Implications and key takeaways
Despite an emerging consensus that there are many benefits to a potential comprehensive federal privacy law in response to increasing state legislative activity, the federal government continues to actively regulate cybersecurity. The existing federal government approach continues to leverage the expertise Congress believes individual administrative agencies have within their particular mandates. While a single federal law may offer significant benefits in relation to a patchwork of competing state laws, whether such a law would be superior to existing federal approaches in particular regulated sectors has gone largely undiscussed. In the meantime, new federal, state and international regulations continue to proliferate often with little cost-benefit analysis being undertaken not only among the competing approaches themselves but also with respect to the costs of regulation generally with respect to other important values such as, for example, free speech.

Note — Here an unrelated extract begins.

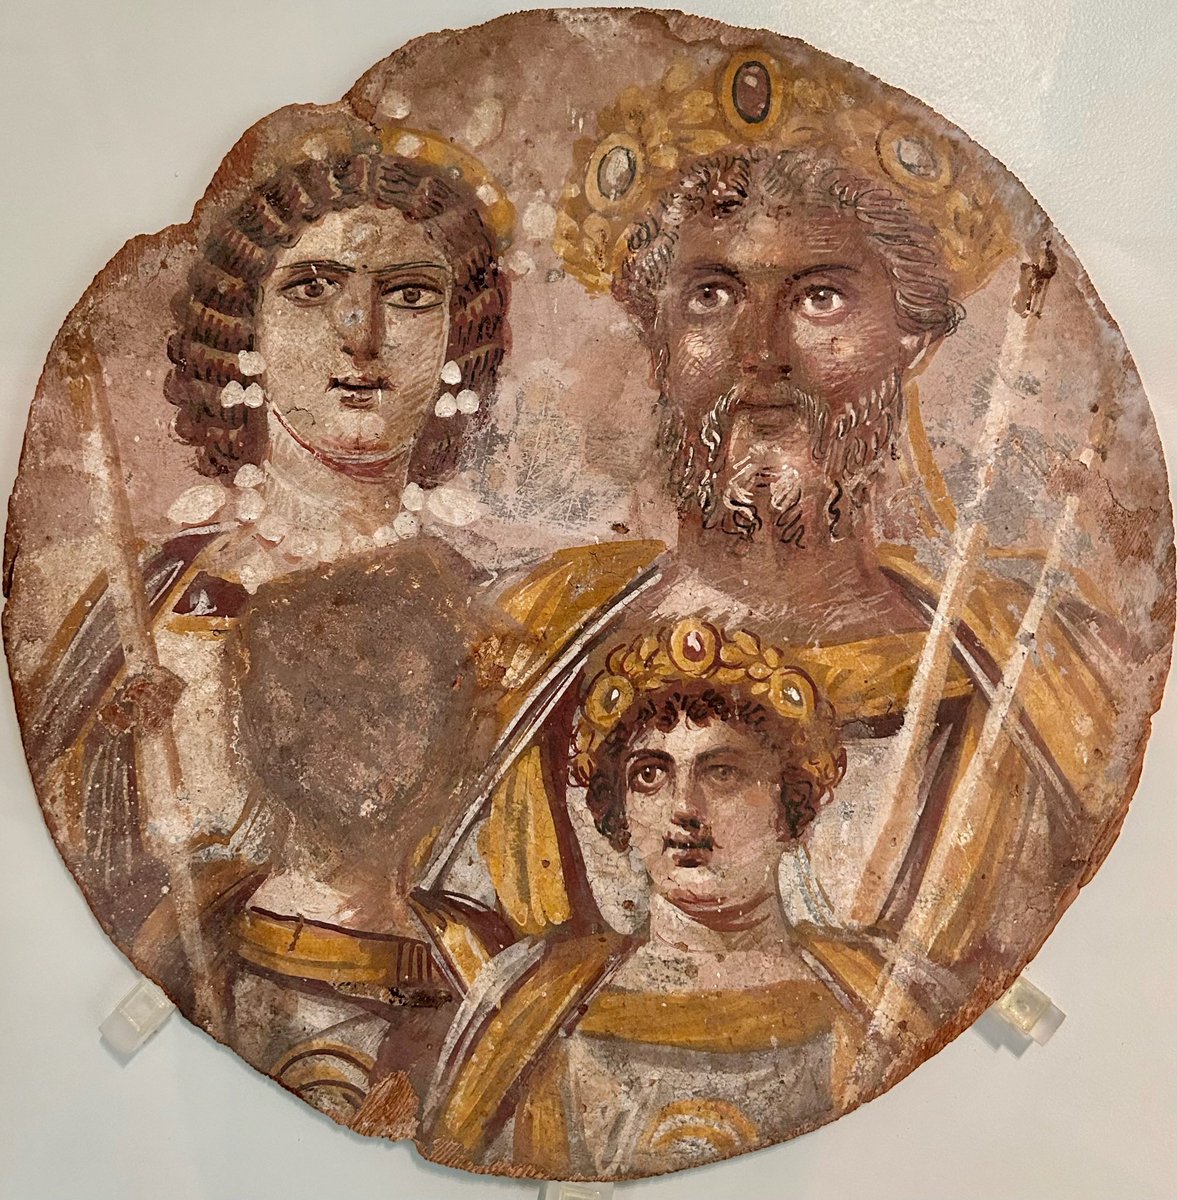 The ‘Severan Tondo’ depicting Septimius Severus, his wife Julia Domna, and their sons Caracalla & Geta (face scratched out). Painted on wood, the imperial portrait dates to around 200 AD, and originated from Egypt. On display at the Altes Museum in Berlin. #Woodensday 📸 My own

In 2022, there has already been a significant amount of activity among Federal agencies in the sectors related to expanding cybersecurity incident reporting requirements and obligations with implications for businesses. Organizations operating in banking, telecommunications, securities, healthcare, critical infrastructure and other industry sectors will want to take note of this recent activity and consider incorporating these new risks into their data security planning and budgeting. Similarly, companies who act as vendors and suppliers to businesses in these sectors may face confusing and conflicting requirements which may drive a race to the bottom for operational compliance similar in many respects to complaints raised by the lack of a single federal breach notification law.
The nature, timing and scope of disclosures made to regulators and others continues to pose difficulties among many organizations as forensic and related investigative work (and legal advice) often takes time and the relevant and material facts and circumstances change over the course of the investigation. Efforts to meet “mandatory” reporting deadlines may contribute to false positives, do little to benefit consumers or others, and, at least in the EU has been acknowledged by regulators in a number of circumstances as taxing limited regulatory resources.
Ultimately, organizations which focus on broad, broad strategic privacy, security and information governance programs that are informed by law but go beyond law will be better positioned to adapt to new requirements. In particular, moving beyond tick-the-box compliance-focused approaches to risk-based controls schemes that are values-driven remains one of the most effective ways to develop sustainable practices in these areas.